Input records =>
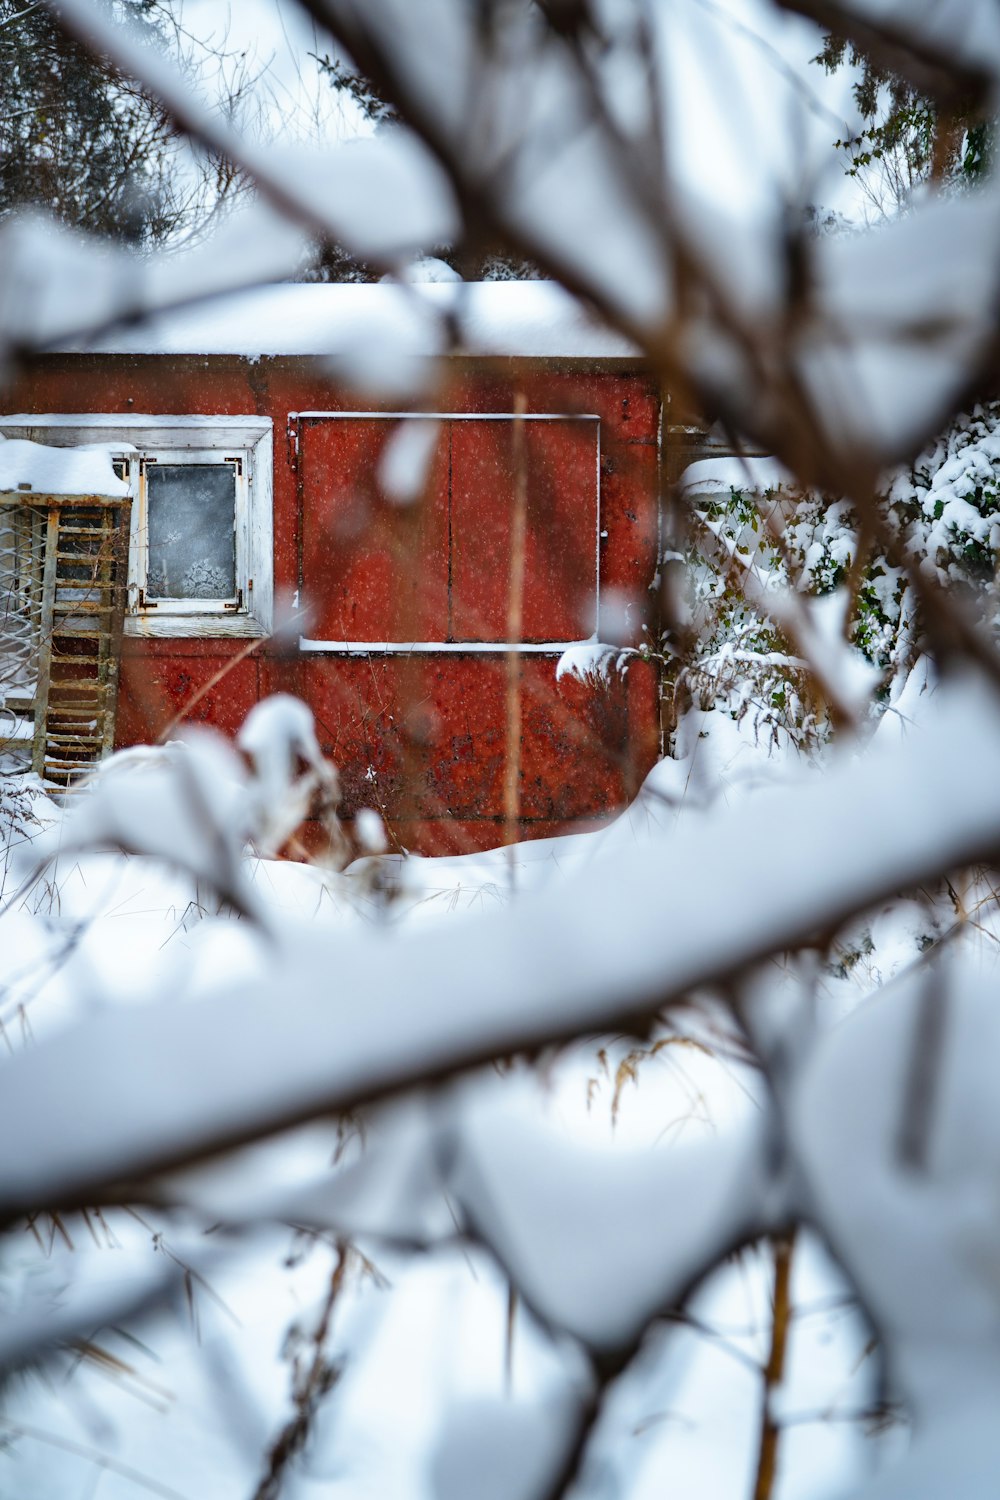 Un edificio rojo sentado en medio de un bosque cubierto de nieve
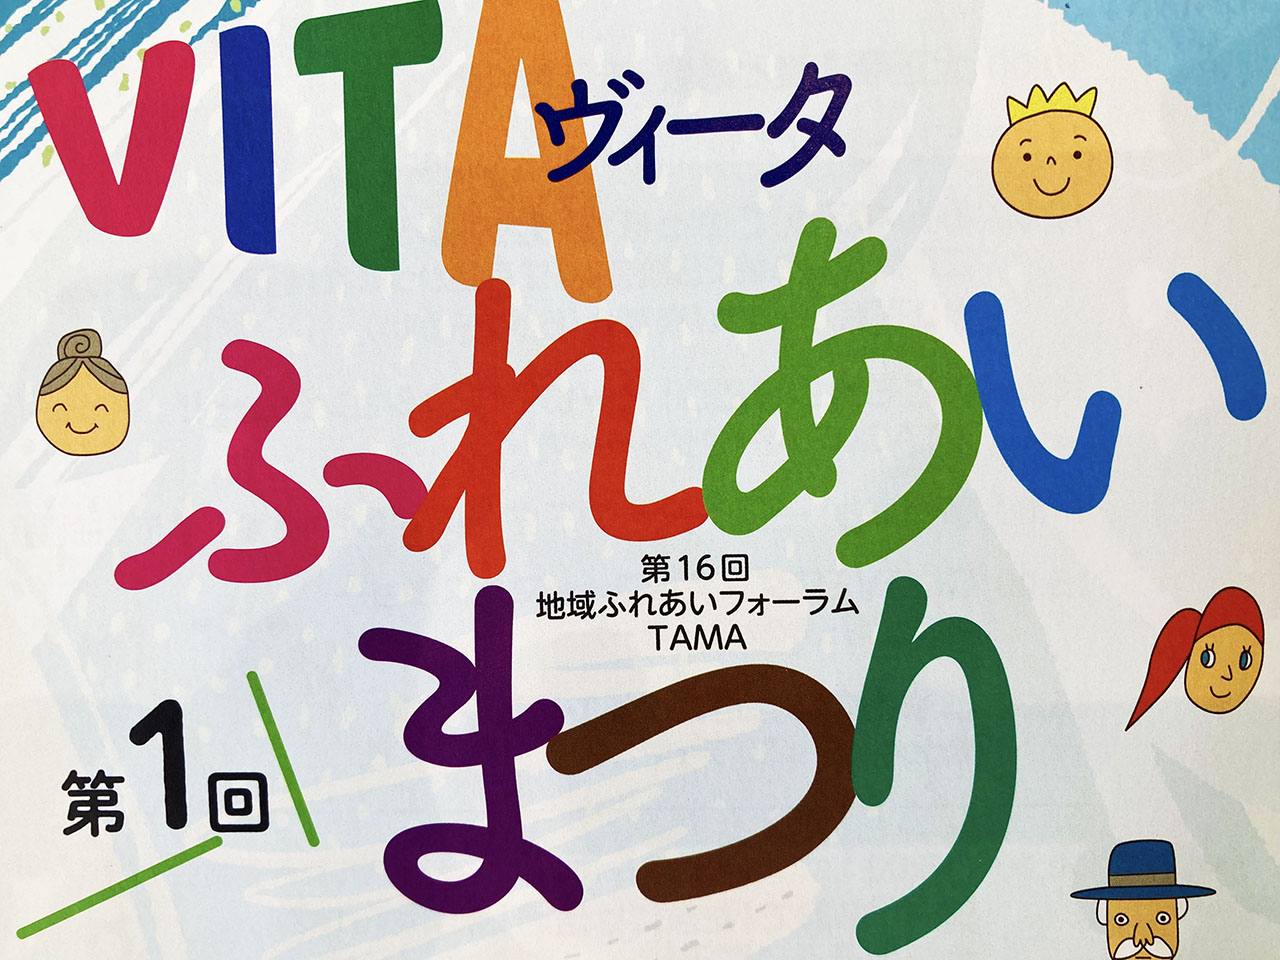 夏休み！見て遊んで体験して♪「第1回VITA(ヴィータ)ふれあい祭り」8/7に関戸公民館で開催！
...
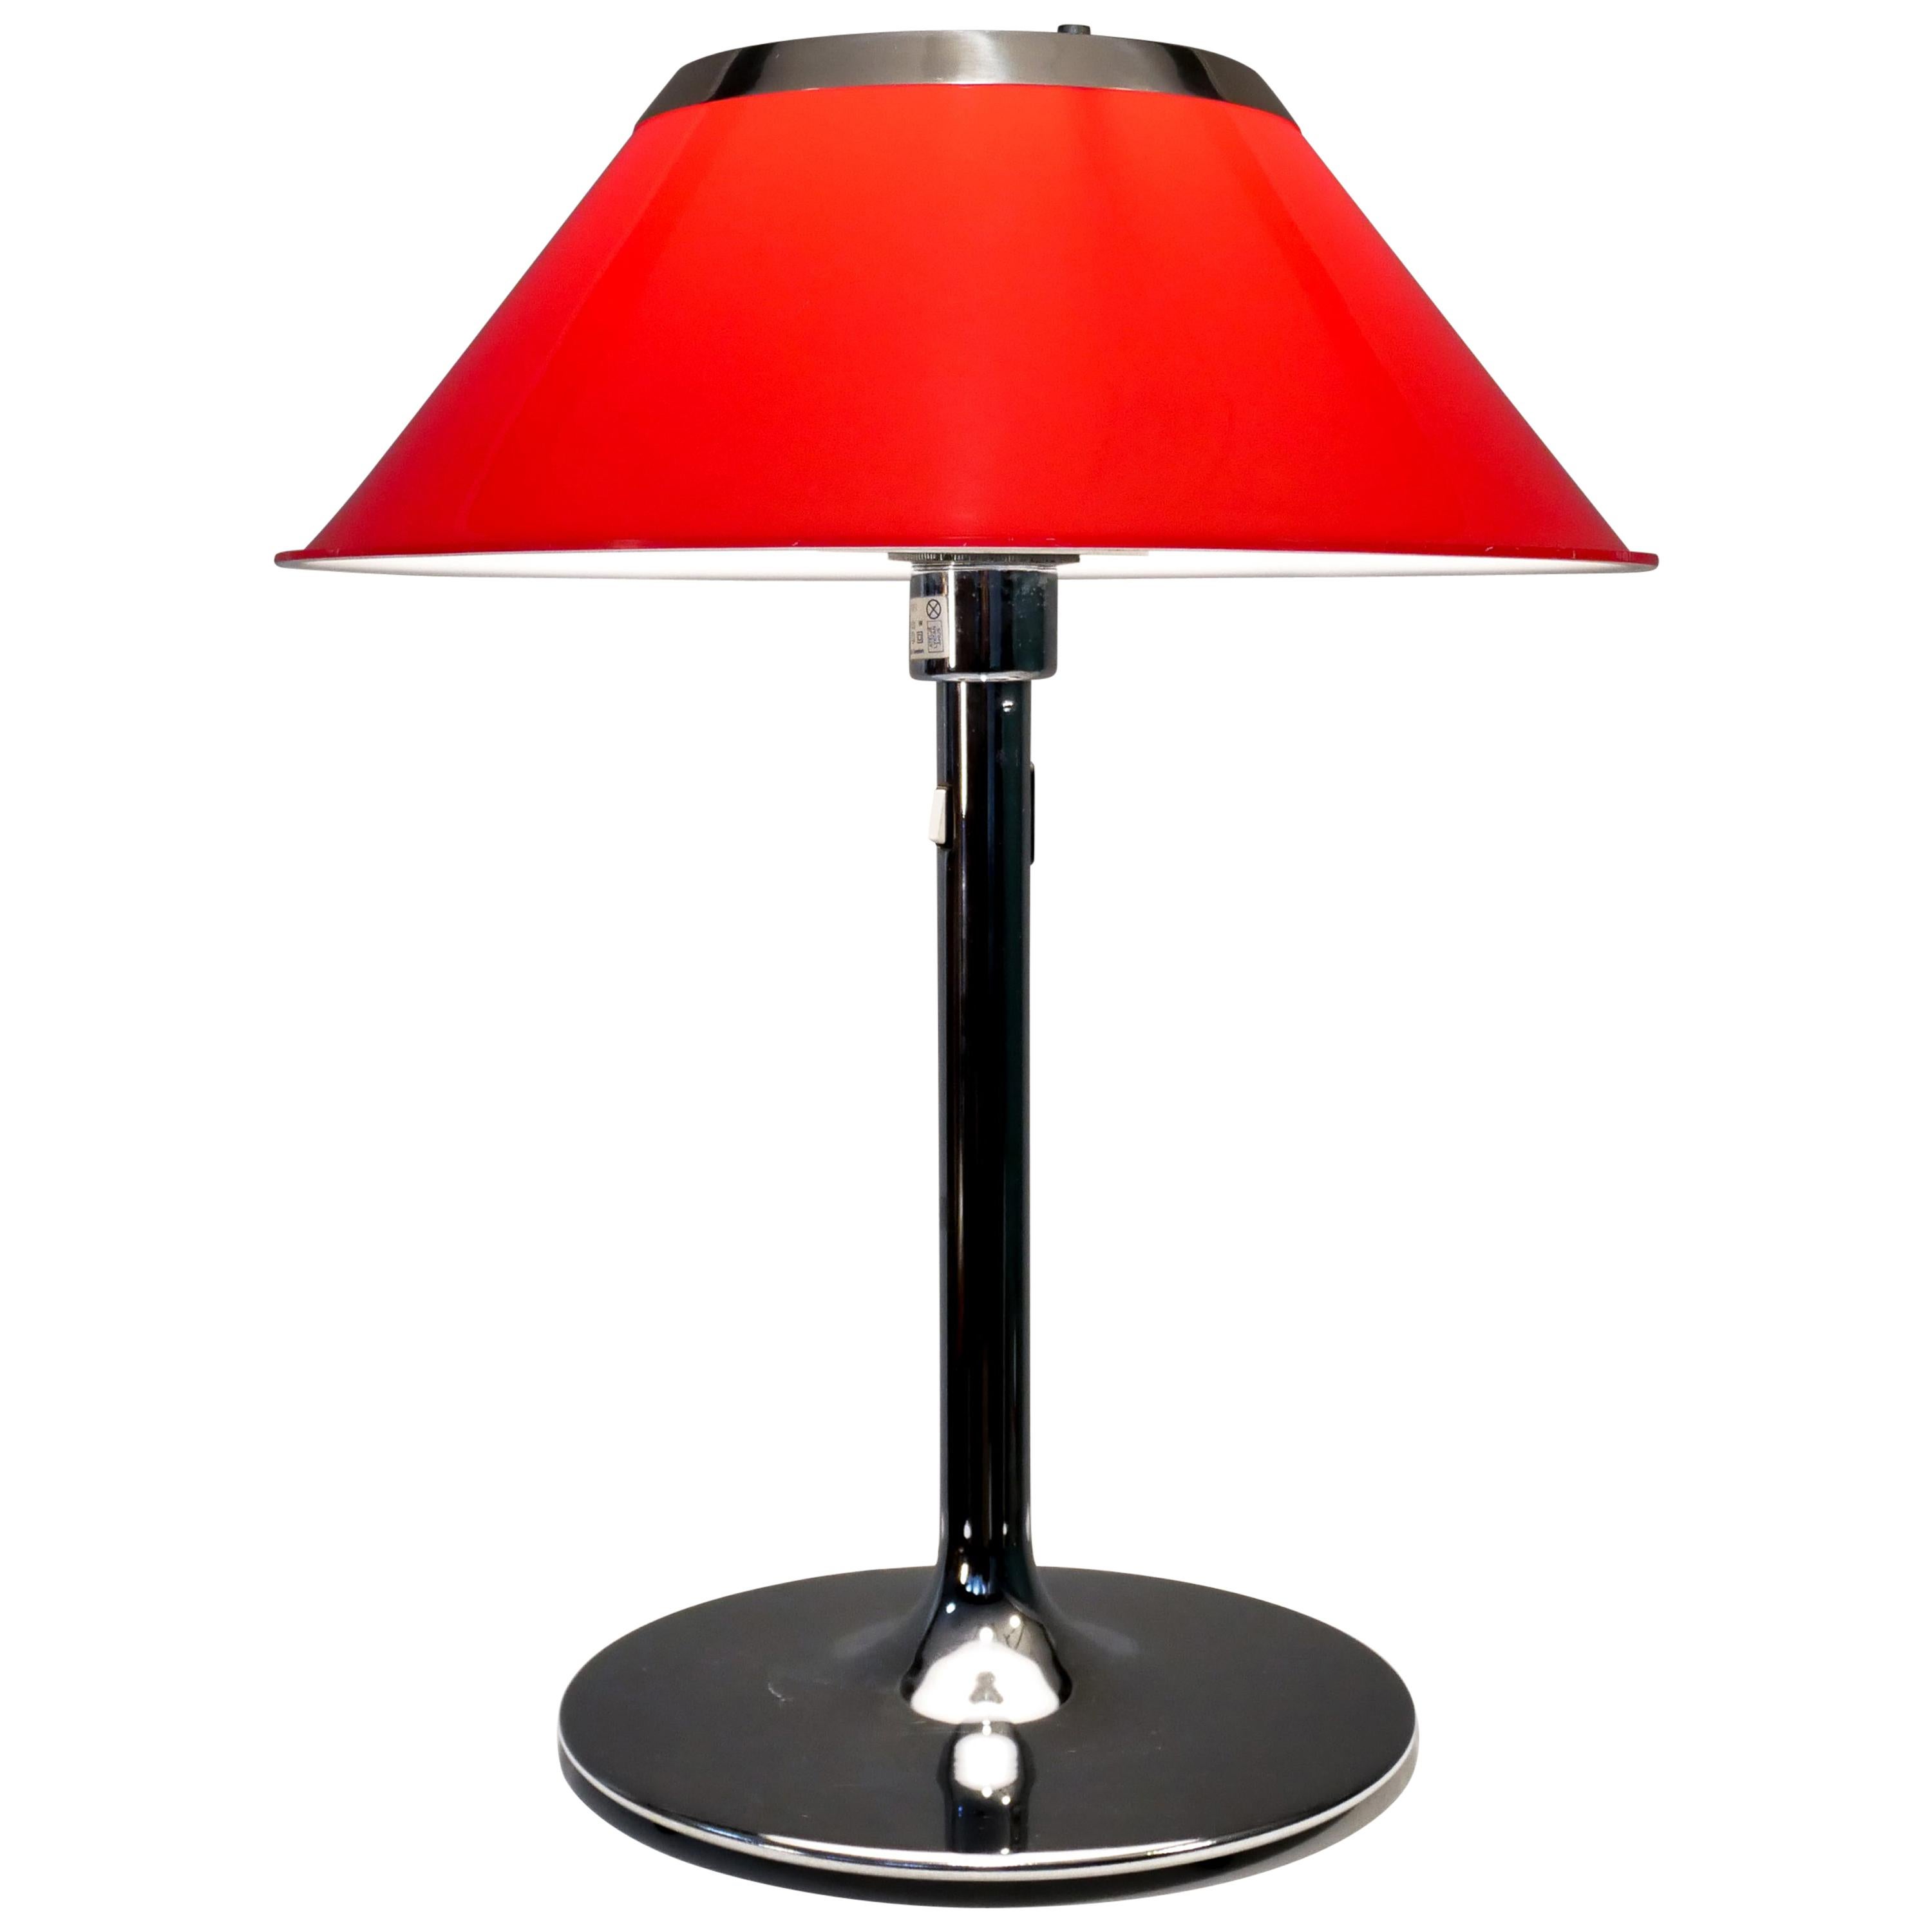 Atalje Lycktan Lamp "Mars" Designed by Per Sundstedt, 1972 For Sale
==
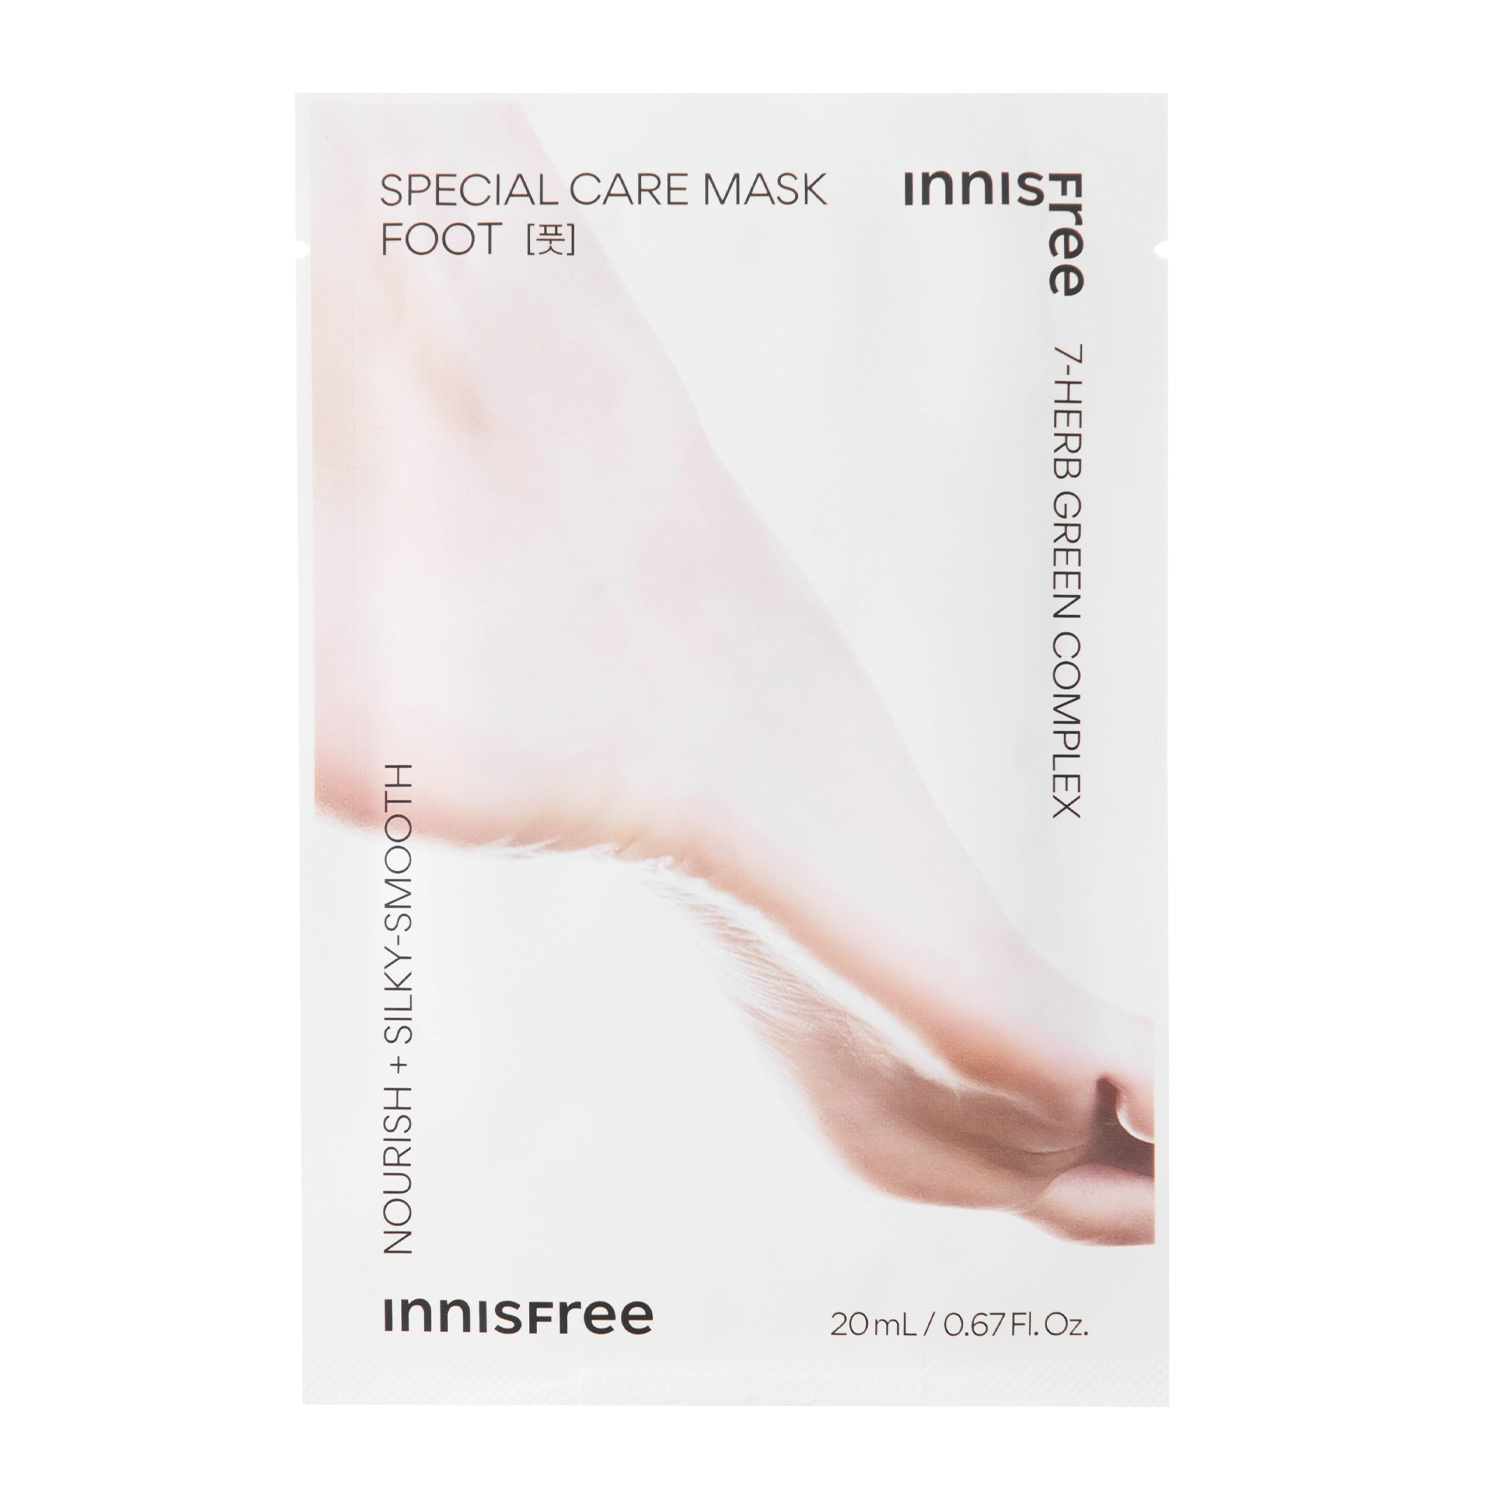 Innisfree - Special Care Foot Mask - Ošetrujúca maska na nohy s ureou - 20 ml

Task prompt => After locating "Un edificio rojo" and "夏休み！見て遊んで体験して♪" in the records above, return exactly the line holding each one and every line between them; leave out the pictures.

Task solution =>
 Un edificio rojo sentado en medio de un bosque cubierto de nieve
 夏休み！見て遊んで体験して♪「第1回VITA(ヴィータ)ふれあい祭り」8/7に関戸公民館で開催！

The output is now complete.